Canon as infrastructure

The shift, if you want agents to write for you, is to treat canon as infrastructure.

Not as a brand guideline. Not as a knowledge base entry. As a durable, versioned, owned, queryable layer that the company is willing to defend.

The treatment that works looks more like a codebase than a wiki. Each canon artifact has an owner — not "the marketing team," a person whose name is on the file. It has a state — draft, approved, deprecated. It has a change log. When it gets updated, there is a record of who updated it, why, and what the previous version said. It can be referenced from other artifacts, so a claim in a sales deck can point back to the canonical claim it descends from.

That sounds heavy. In practice, it is not. The first canon a company actually treats this way is usually three to five artifacts: a real voice guide with examples, a written ICP that reads like a paragraph, a list of approved and forbidden claims, the product canon, the refusal list. Five files, maintained, with owners. Most companies cannot say they have even that.

The company canon is becoming as important as the company codebase.

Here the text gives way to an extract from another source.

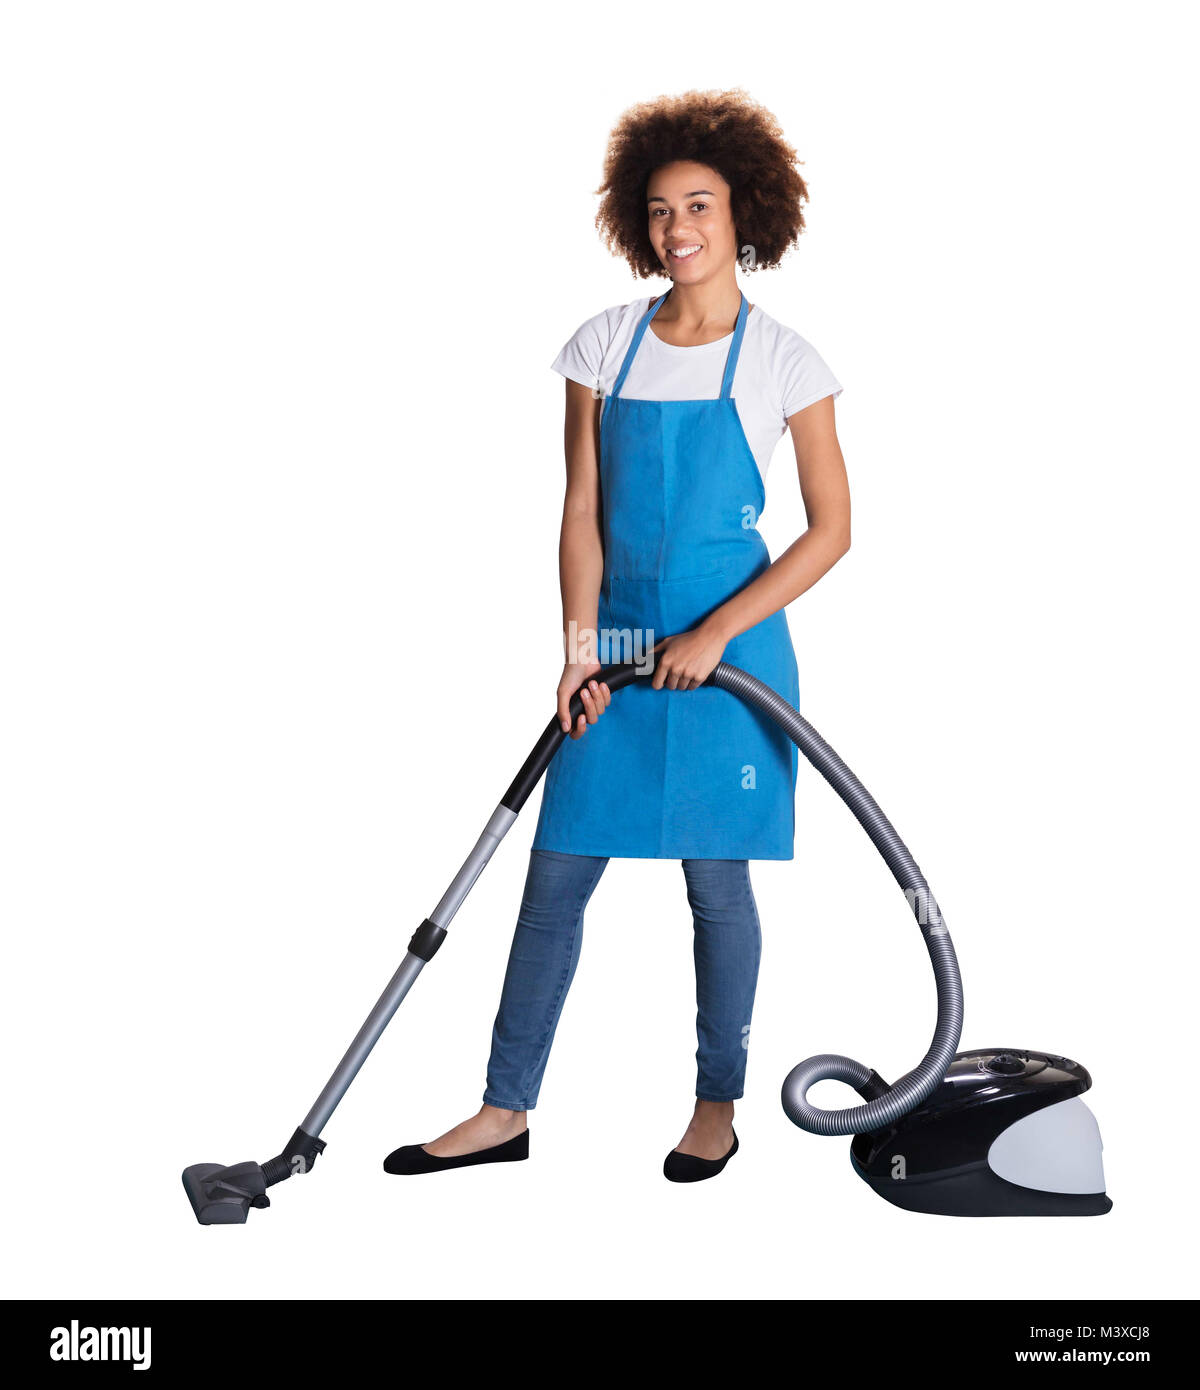 Portrait Of A Happy Female Janitor With Vacuum Cleaner On White Background Stock Photo

Most companies have not noticed.

Once canon is infrastructure, two things become possible that were not possible before.

The first: a new hire on day three can write something customer-facing that is recognizable as the company's. The canon is the substitute for the year of sitting near the founder.

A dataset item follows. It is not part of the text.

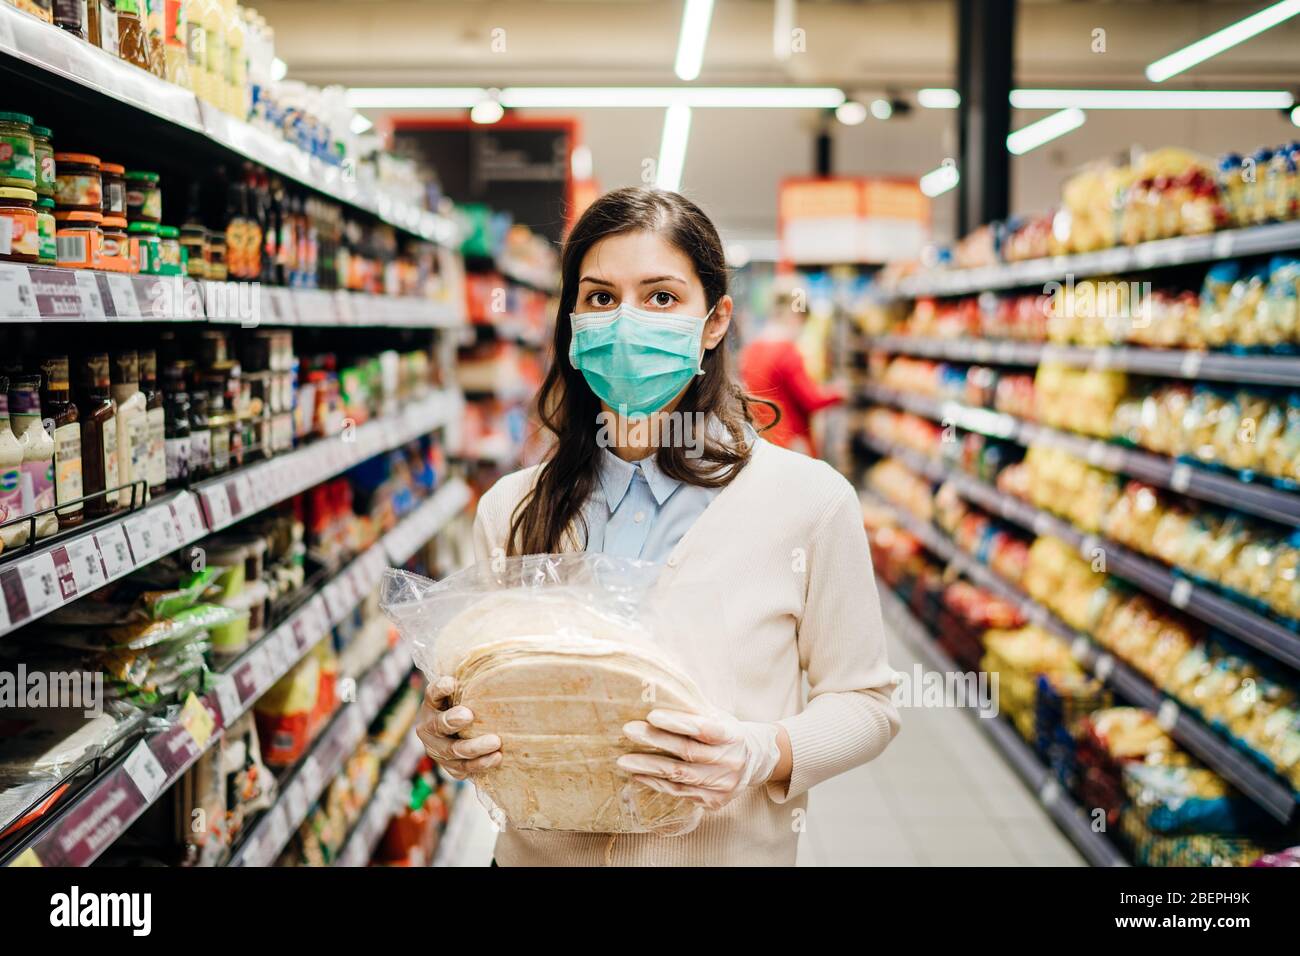 Scared shopper with mask safely shopping for groceries amid the coronavirus pandemic in stocked grocery store.COVID-19 food supermarket buying.Panic b Stock Photo

The second: the agent has somewhere to read from. Not a Slack channel. Not a hundred-page brand guideline written for a designer. A small, sharp, machine-readable set of artifacts that establish what the company is willing to say.

The role that owns this

The awkward part: this role doesn't have a clean home in most org charts.

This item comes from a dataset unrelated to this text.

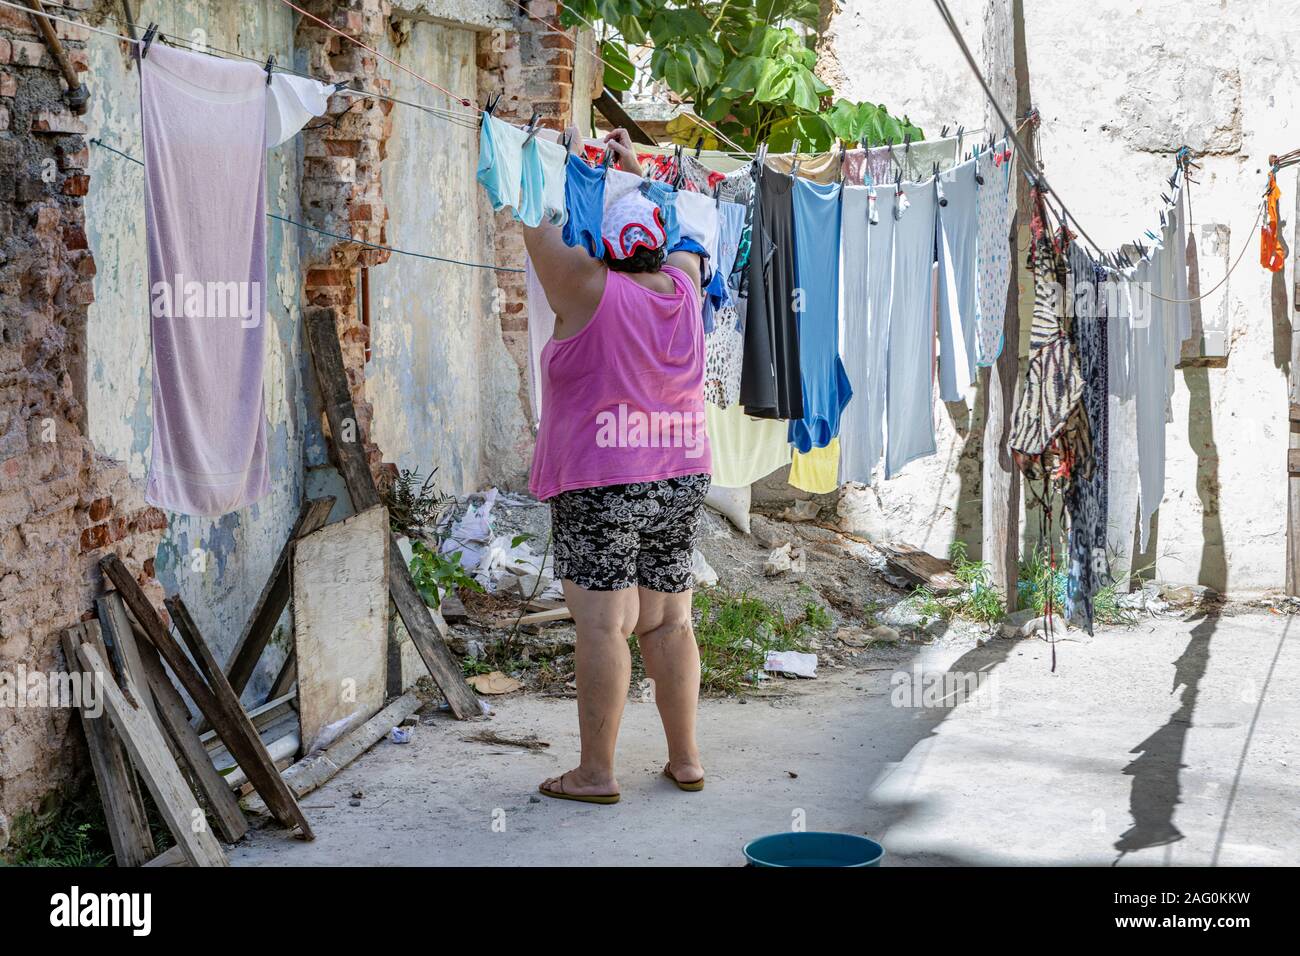 A lady hanging out her washing in Central Havana, Cuba. Stock Photo

At small companies, the founder holds it without naming it. At mid-stage, marketing or brand absorbs it without the authority to defend it. At larger companies, it splits — voice to brand, claims to comms, product canon to PMM, policies to legal — and the splits guarantee that no one holds the full picture.

The role that owns canon is closer to a librarian than a brand manager: curates, watches for drift, has the authority to push back when departments contradict each other, treats the canon as a defensible artifact rather than a stylistic preference.

The companies that name and staff this early get a five-year lead on canon quality at scale.

Why agents make this acute

The thing about canon is that the cost of not having it was always real. The cost was paid in hours-per-piece-of-content, in re-litigated decisions about voice, in the bottleneck of "everything customer-facing has to go through these two people, forever."

Agents change the velocity. The same canon failure that used to produce a slightly off-brand blog post once a week now produces ten of them by lunch, all subtly off in slightly different ways, all of them confident.

The volume amplifies the drift. The drift amplifies the volume. The canon failure that was a slow leak becomes a fast one.

And the human content lead — the person who used to patch the canon with judgment and memory — is now editing the agent's output. They can do this for a while. They cannot do it forever, because the volume scales and their judgment does not. The point of bringing in an agent was not to give them a second job.

Your agent cannot know what the company believes if the company cannot say what the company believes. The fix is not at the prompt layer. It is at the canon layer.

Closing

The content-agent problem looks like a model problem. Get a better model. Engineer the prompt. Add few-shot examples.

It is not a model problem. It is an authority problem.

The agent has no way to know what the company has decided is true — what voice means, what claims are approved, what carve-outs apply, what refusals stand. Most companies cannot give it those answers, because most companies have never written them down.

The fix is not glamorous. It is treating canon as infrastructure. Naming an owner. Versioning the artifacts. Writing down what the founder has been holding in their head for ten years. Five small files, maintained, defended.

Then the agent has a place to read from. And the human content lead stops editing fluent slop into shippable copy ten times a day.

A knowledge base stores information. A canon establishes authority. Build the second.